An alternative, conspiratorial retelling of major events of the last 75 years, from the authors of Unholy Trinity (1992). Former Justice Department Nazi-hunter Loftus and Australian journalist Aarons would have us believe that much of recent Western history has had as its common theme ""Get the Jews."" However, they are far more convincing in arguing that the underlying motivations for most of the evil plots they describe were fanatical anti-communism and/or greed; Jews -- mostly pre-1948 Zionists and post-1948 Israelis -- sometimes got in the way. Thus wealthy Americans invested in prewar Nazi Germany because there was money to be made, and Nazis were welcomed to postwar America as fighters against communism; the State Department and American boardrooms were filled with Arabists who had no sympathy for a Jewish state not because it was filled with Jews, but because it was empty of oil.
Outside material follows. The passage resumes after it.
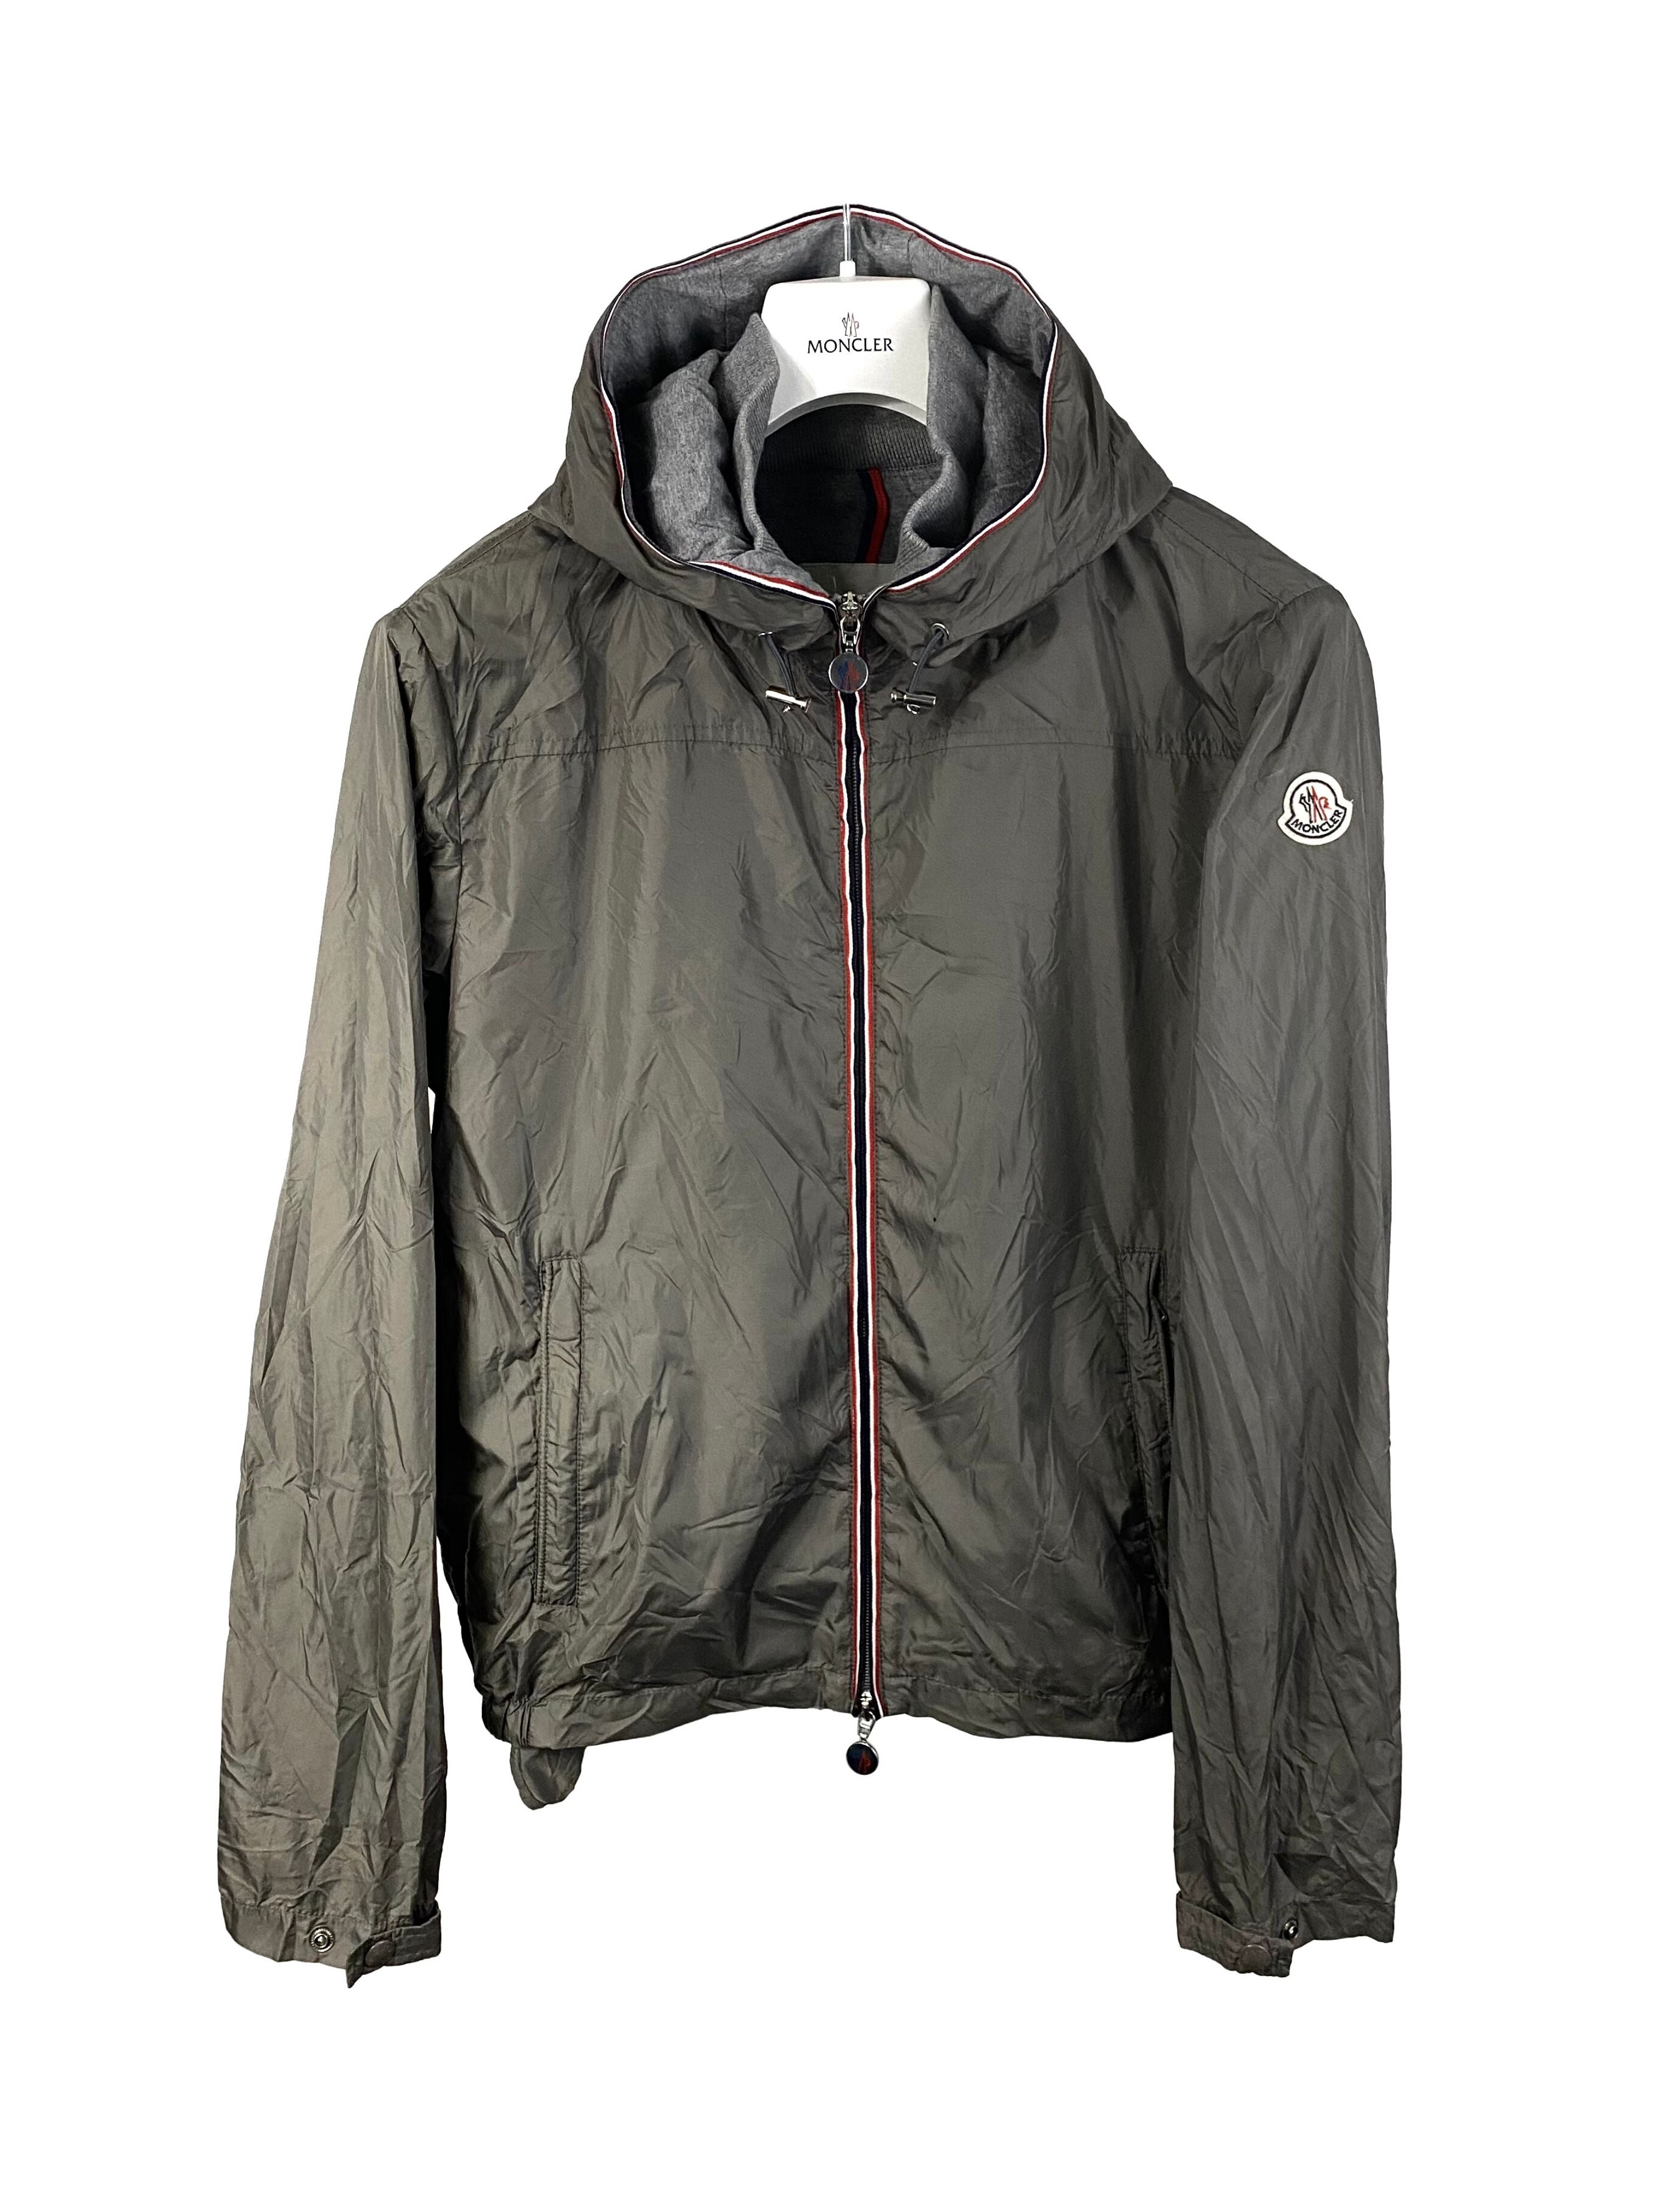 Moncler Urville - Size 2 - HB Authenticated Luxury Wear

Loftus and Aarons undermine their work by its enormous scope, which makes it virtually impossible to distinguish one chess-gambit conspiracy from another. Also, the sources for their most explosive revelations are ""confidential interviews"" with unnamed veterans of an alphabet soup of espionage agencies: Little hard evidence is presented. Still, like all good conspiracy books, this one offers plausible and intriguing explanations for gray areas of history. These range from how American companies wrested control of Saudi Arabia's oil fields from Great Britain in the 1920s and '30s to the way countries were convinced (blackmailed, say the authors, in a convoluted plot involving Nelson Rockefeller, who was allegedly selling oil to the Nazis all through WW II) to support the creation of Israel in 1948. The book is also enlivened by a rich rogues' gallery, including double (or maybe triple) agents Jack and Kim Philby; and John Foster and Allen Dulles, accused of subverting American foreign policy to their insatiable greed. A conspiracy book offering tasty morsels if one reads with a grain of salt and disregards its sensationalized and misleading title.